Many modern thermal processing systems involve temperature control of heated plates. In many systems such as Metal-Organic Chemical Vapor Deposition (MOCVD) and epitaxial deposition (Epi) systems, the plates are often thick carriers or susceptors on which one or more wafers are placed. Typically these plates are heated by radiation from hot filaments and the temperature is measured using pyrometers. In many cases the temperature of the system is controlled using a proportional-integral-derivative (PID) controller. However, in cases where the temperature must be changed rapidly while maintaining good temperature uniformity and with tight performance limits, it can be difficult or even impossible to achieve the desired performance using PID controllers. In addition, the dynamic response of these systems typically changes considerably with operating conditions such as temperature, process gas composition, wafer emissivity, or wall emissivity (e.g., in systems where walls coat during process). This can make it difficult to tune a PID controller to give good performance over a broad range of operating conditions.
To overcome some of these limitations, PID controllers are often gain-scheduled by using different PID gains for the different operating conditions, which typically improves performance. Alternatively, even more complex controllers can be designed, such as Linear Quadratic Gaussian (LQG) controllers, but this requires the knowledge and hand of an expert in the field of systems and control. An alternative model-based control approach has been discussed in SC’s earlier publications that can achieve good performance for a wide range of operating conditions. In this approach, a mathematical model of the physics of the system is directly incorporated into the feedback controller, thus allowing the controller to have knowledge of how the system dynamics change with the operating temperature.

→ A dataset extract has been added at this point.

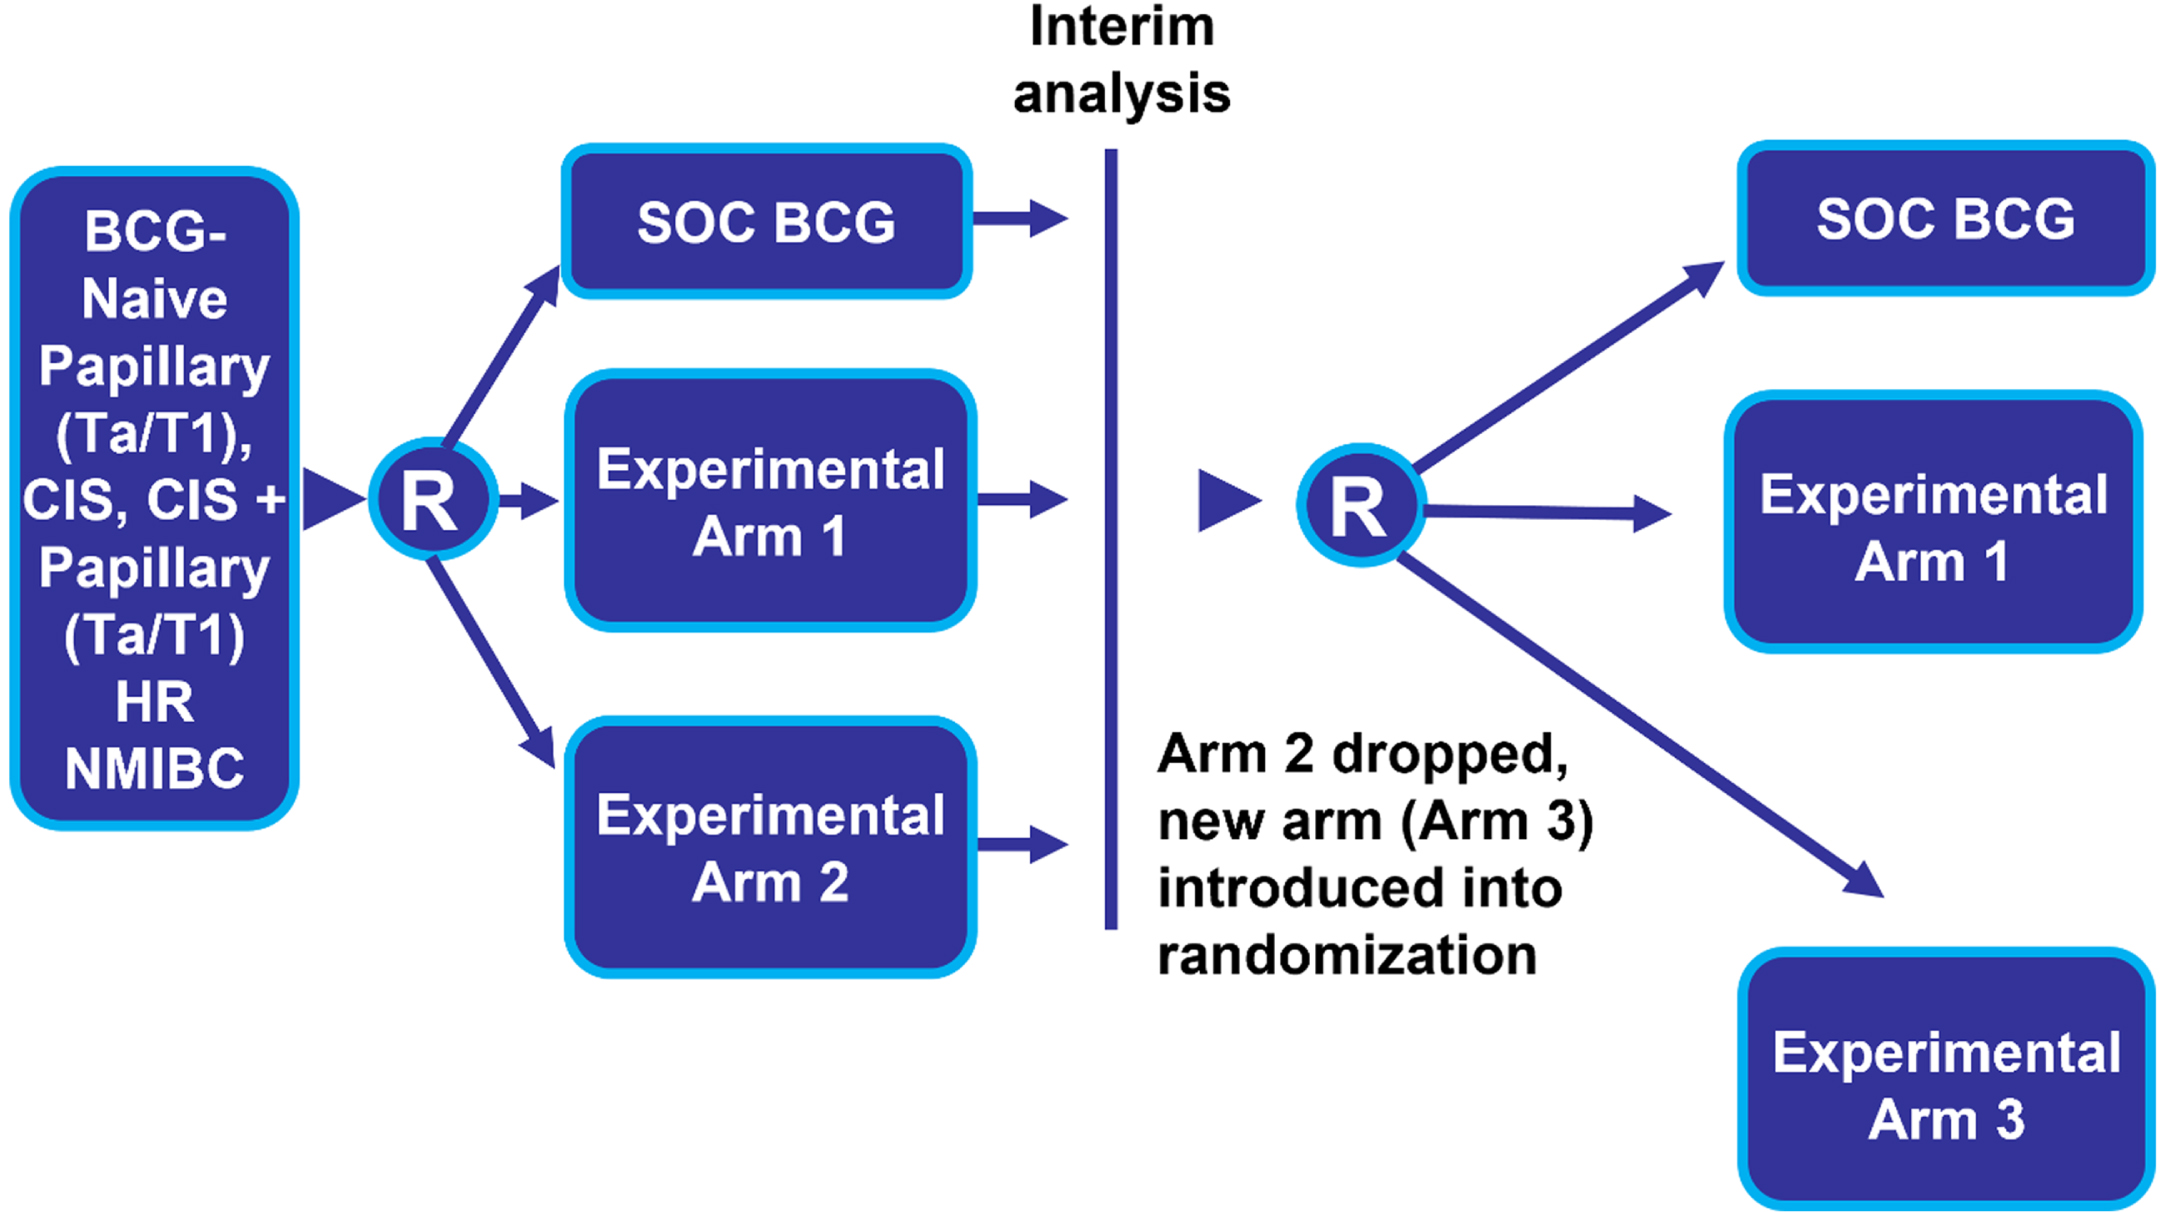 Randomized Platform Common Control Trial Design. Abbreviations: BCG: Bacillus Calmette-Guerin; CIS: carcinoma in situ; HR NMIBC: high-risk non-muscle invasive bladder cancer; R: randomize; SOC: standard of care; Tx: treatment.

In SC’s earlier published studies, the robustness and performance of this model-based controller was compared to that of a gain-scheduled PID controller, as well as an LQG controller for a range of plate properties and operating conditions in terms of handling system modeling uncertainty, tracking performance (overshoot, settling time, etc.), and noise and disturbance accommodation properties. In this presentation, Monte Carlo simulations are used to evaluate the performance robustness with respect to physical parameter variations. Since the ranges of parameter variations are usually known, it is possible to map out the performance space with random selection of parameters within the allowable range using a pre-selected number of simulations. This has the advantage of mapping out the performance space without simulating each parameter variation individually, which could take up considerably more simulations.
In this presentation, we performed a Monte Carlo simulation of the heated plate closed-loop system by varying physical parameters such as the emissivity and effective heat transfer coefficients. We will show how the robustness of the different control methods, evaluated using Monte Carlo simulations, compares to the analytical robustness evaluation performed in our earlier published studies.